Good for Bynum if he does get signed because I really like his game but he seems similar to Banks and if Delonte and Banks are gonna play point shouldn't they be looking for an older point guard.


----------



## whiterhino (Jun 15, 2003)

Starbury03 said:


> Good for Bynum if he does get signed because I really like his game but he seems similar to Banks and if Delonte and Banks are gonna play point shouldn't they be looking for an older point guard.

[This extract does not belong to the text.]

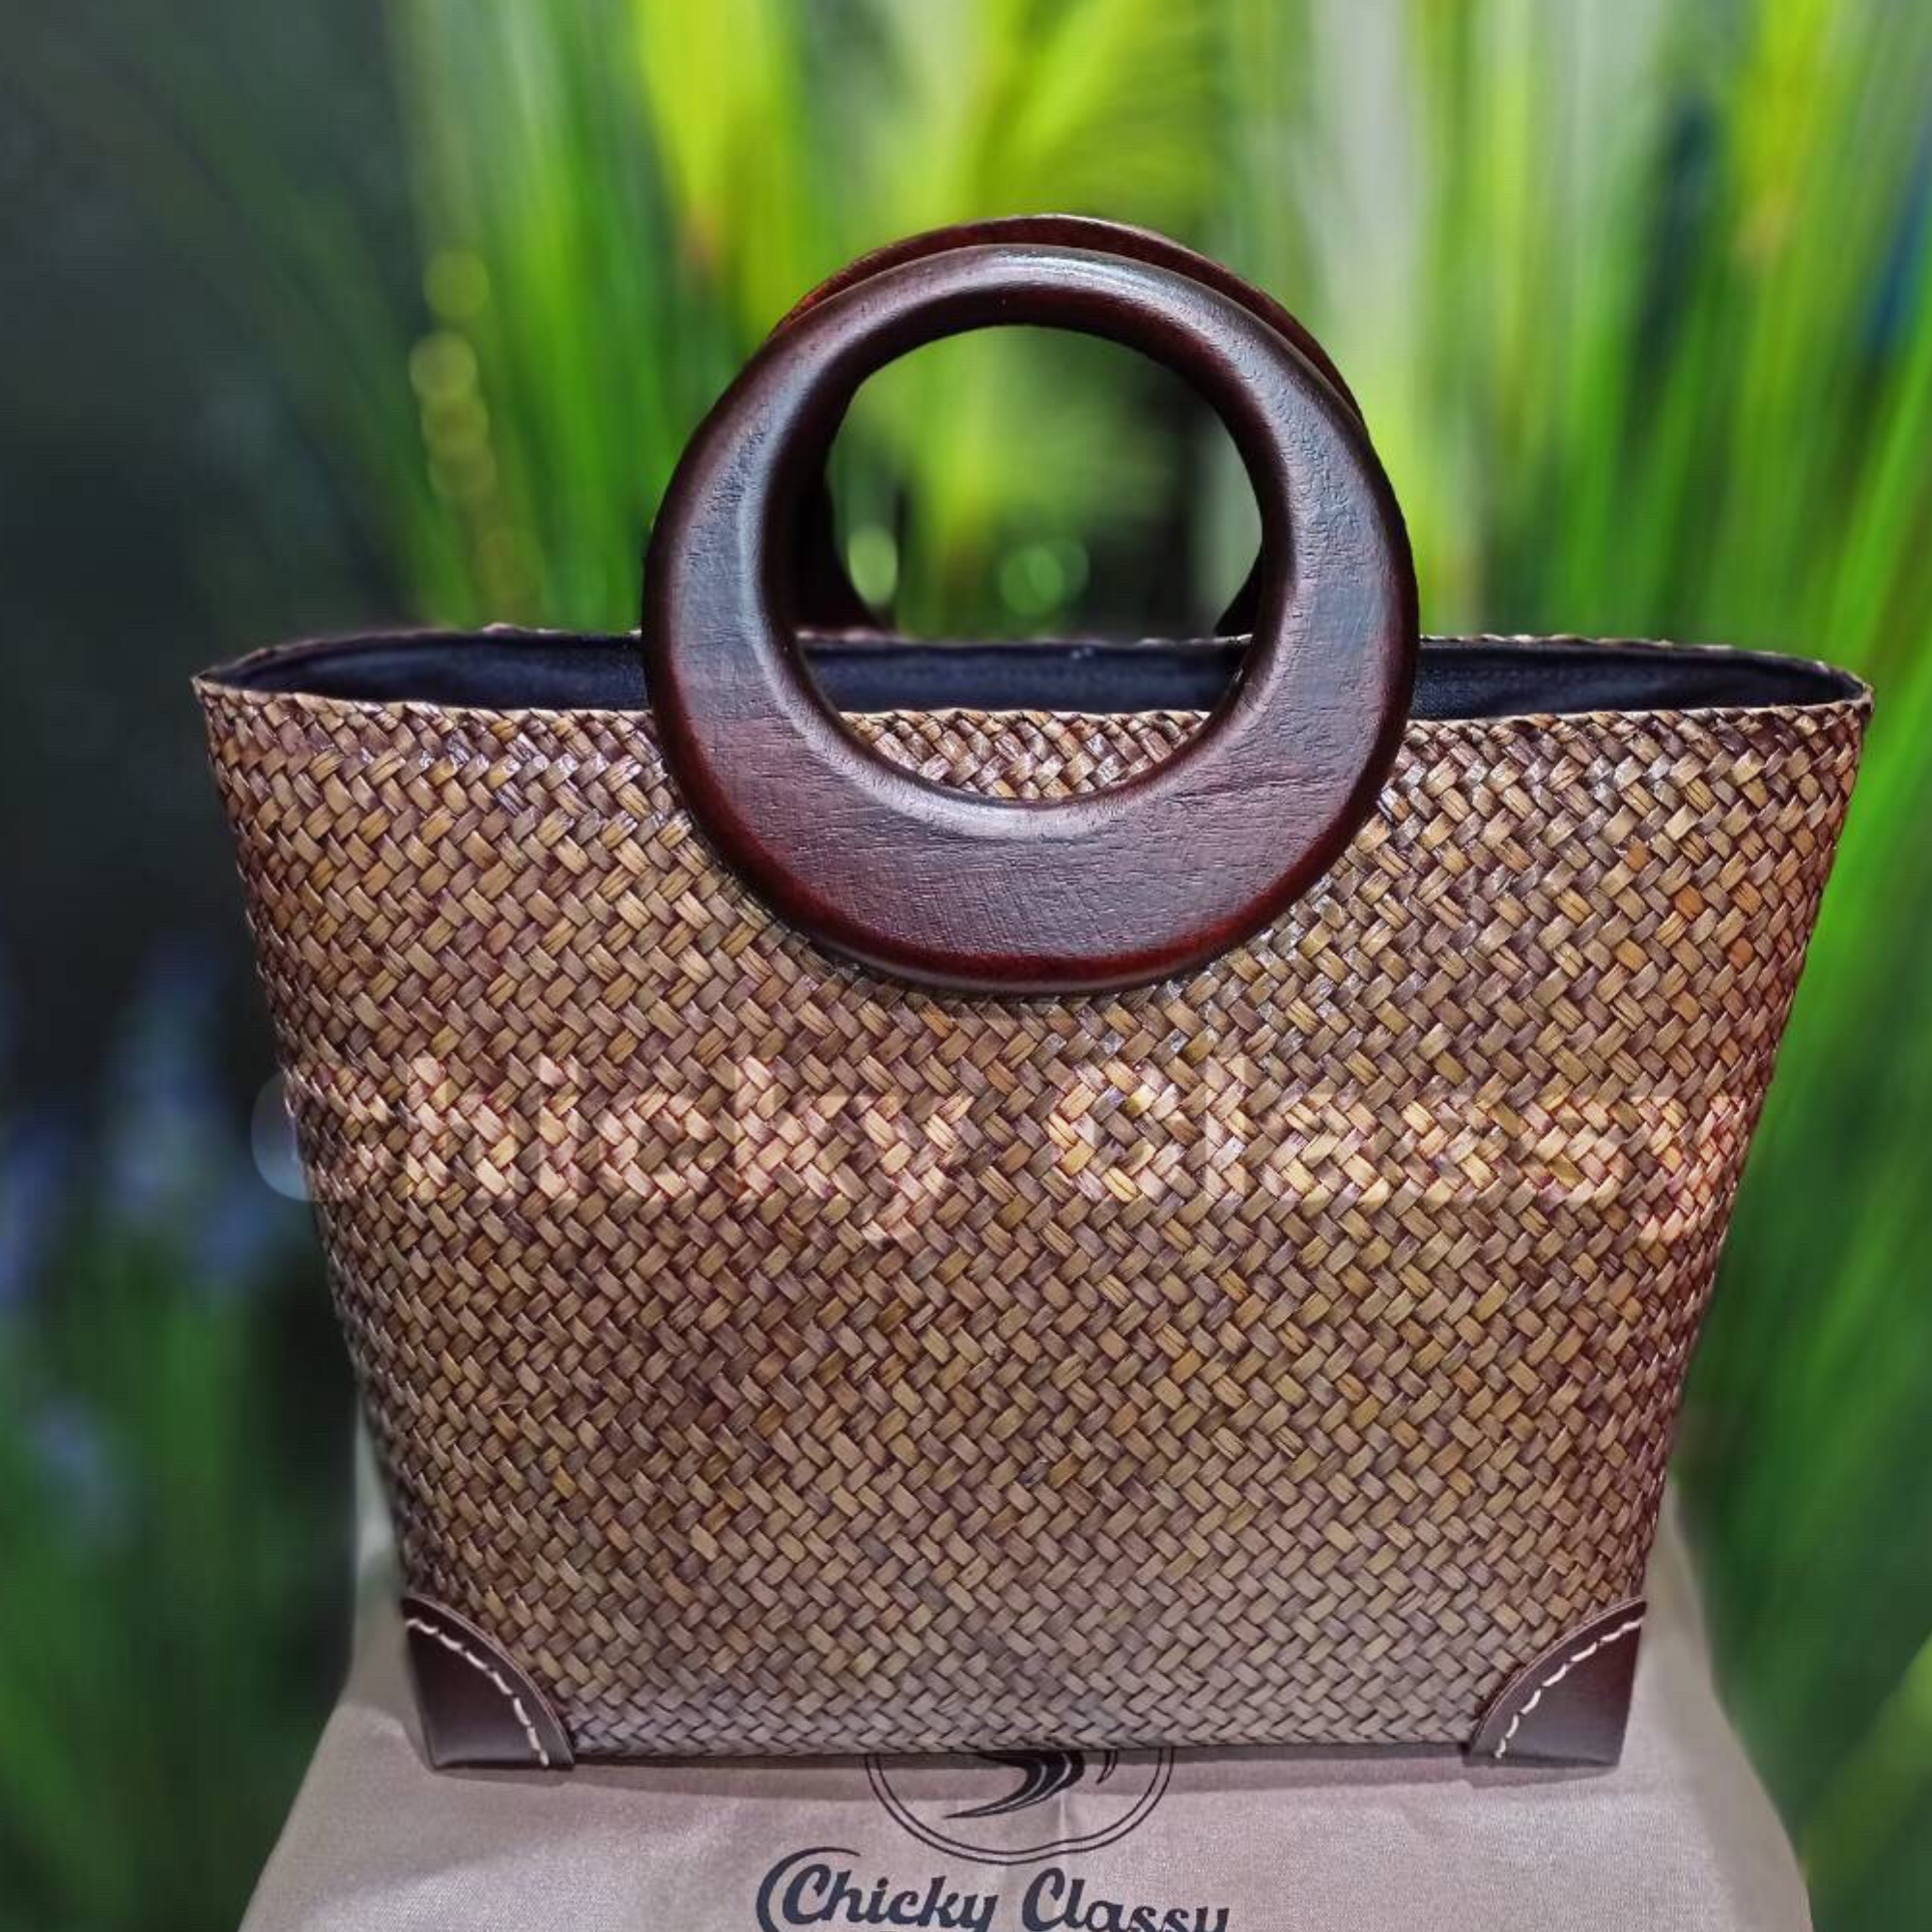 Chicky Classy Take me along home made bag

Delonte is a SG, but still unless it's a star rookie then yeah, they should look for a vet I would think unless they are positive Banks can handle it, which he may be able to.


----------



## Starbury03 (Aug 12, 2003)

If Delonte is gonna play shooting guard then it's not that bad because Bynum will be the 3rd string point gaurd.


----------



## DWest Superstar (Jun 30, 2005)

Bynum is a good pickup this means no more Banks


----------



## HKF (Dec 10, 2002)

Bynum is going to the NBDL and it's a solid pickup by the Celtics. You never know. Will could be the next John Bagley.


----------



## vadimivich (Mar 29, 2004)

Bynum will always be a crowd favorite because 5'10" guys who can throw down tomahawks in traffic are fun as heck to watch.

He will never be a large contributor until he improves his ball handling and overall game awareness.


----------



## aquaitious (Jun 11, 2002)

The roster limit is now 30 players, right?

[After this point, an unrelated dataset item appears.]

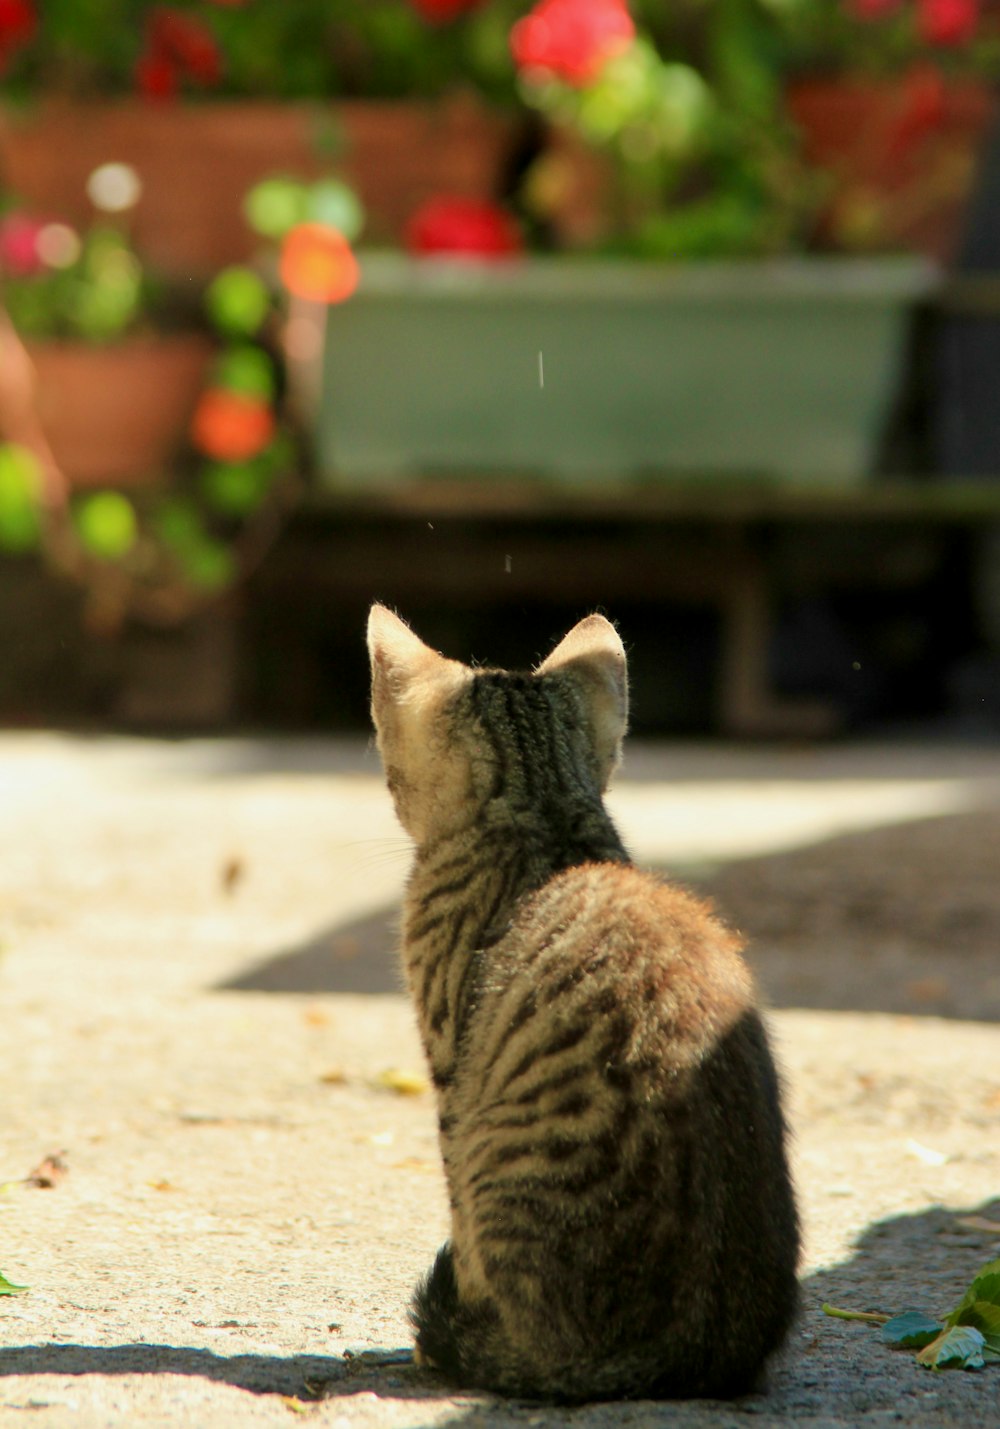 a cat sitting on the ground in front of a potted plant

If not, then how in the world have the Celtics signed like 15 players this off-season?


----------



## HKF (Dec 10, 2002)

aquaitious said:


> The roster limit is now 30 players, right?
> 
> If not, then how in the world have the Celtics signed like 15 players this off-season?


14. Players who are allocated to the NBDL *do not* count on the active man roster.


----------



## #1AntoineWalkerFan (Mar 10, 2005)

id be very happy with bynum...even tho we still need some vets


----------



## aquaitious (Jun 11, 2002)

HKF said:


> 14. Players who are allocated to the NBDL *do not* count on the active man roster.


So the Celtics could sign 20 players and keep switching them with the injured...interesting...also did they get rid of the IL/IR?


----------



## HKF (Dec 10, 2002)

aquaitious said:


> So the Celtics could sign 20 players and keep switching them with the injured...interesting...also did they get rid of the IL/IR?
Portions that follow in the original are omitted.